Androxine Vortex said:


> Oh. I always thought that the Dark Eldar were under the control of Slaanesh.


No, though it might be possible for a small group of them to make a pact of some sort, in which case they shift from gathering souls for their Kabal to doing so for the god they have a 'deal' with. In the end though, something like that is never going to last, Eldar souls are so tantalizing after all.
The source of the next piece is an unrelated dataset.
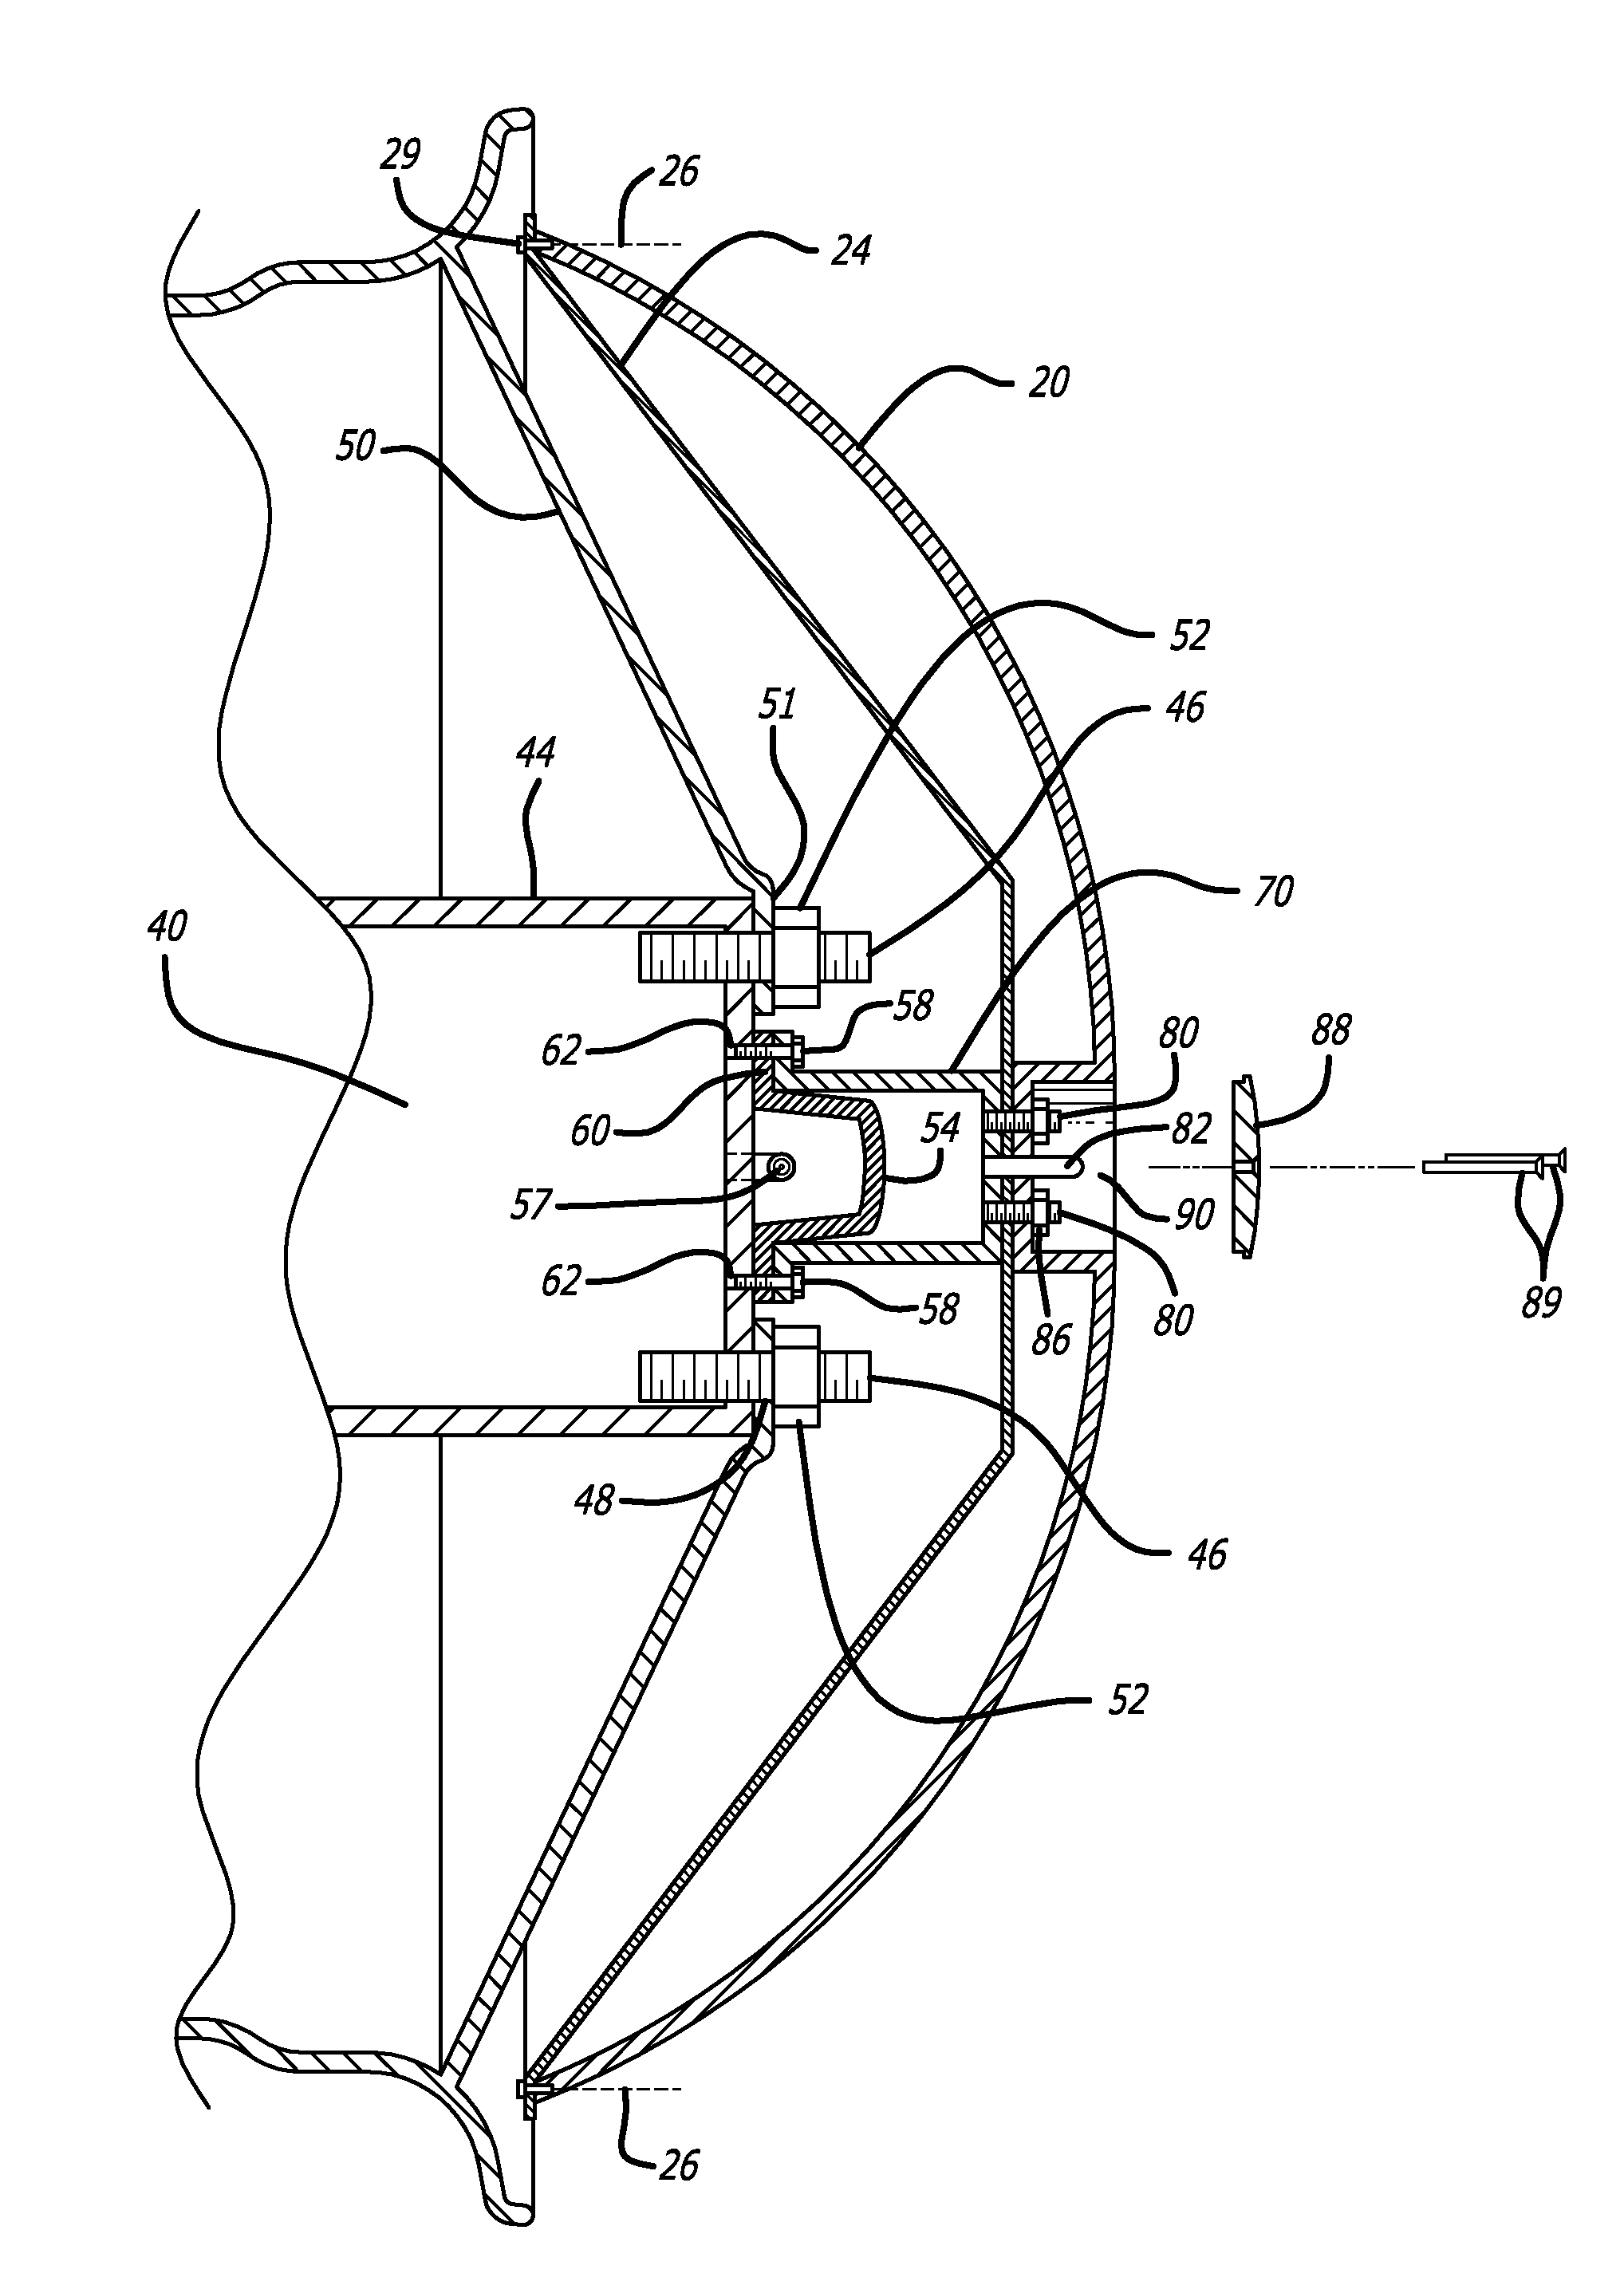 Wheel covering system

(The above is only truly plausible if you do not hold part of the book _Crimson Tears_ as a complete load. Those of you who have read it, you know what I'm talking about.)


----------



## ckcrawford (Feb 4, 2009)

I always wondered, are the Dark Eldar losing their souls to Slaanesh because the way they live their lives essentially feed him or is it because they live in the Webway and are so close to the warp.


----------



## normtheunsavoury (Mar 20, 2008)

All Eldar are losing their souls to Slaanesh, not just the Dark Eldar.
Craftworld Eldar use spirit stones to safeguard their souls and the Harlequins are kept safe by the Laughing God. The Dark Eldar don't use spirit stones they use other races.


----------



## hailene (Aug 28, 2009)

There has been at least one non-aggression pact between a Dark Eldar sect and the forces under Archon Urlock Gaur.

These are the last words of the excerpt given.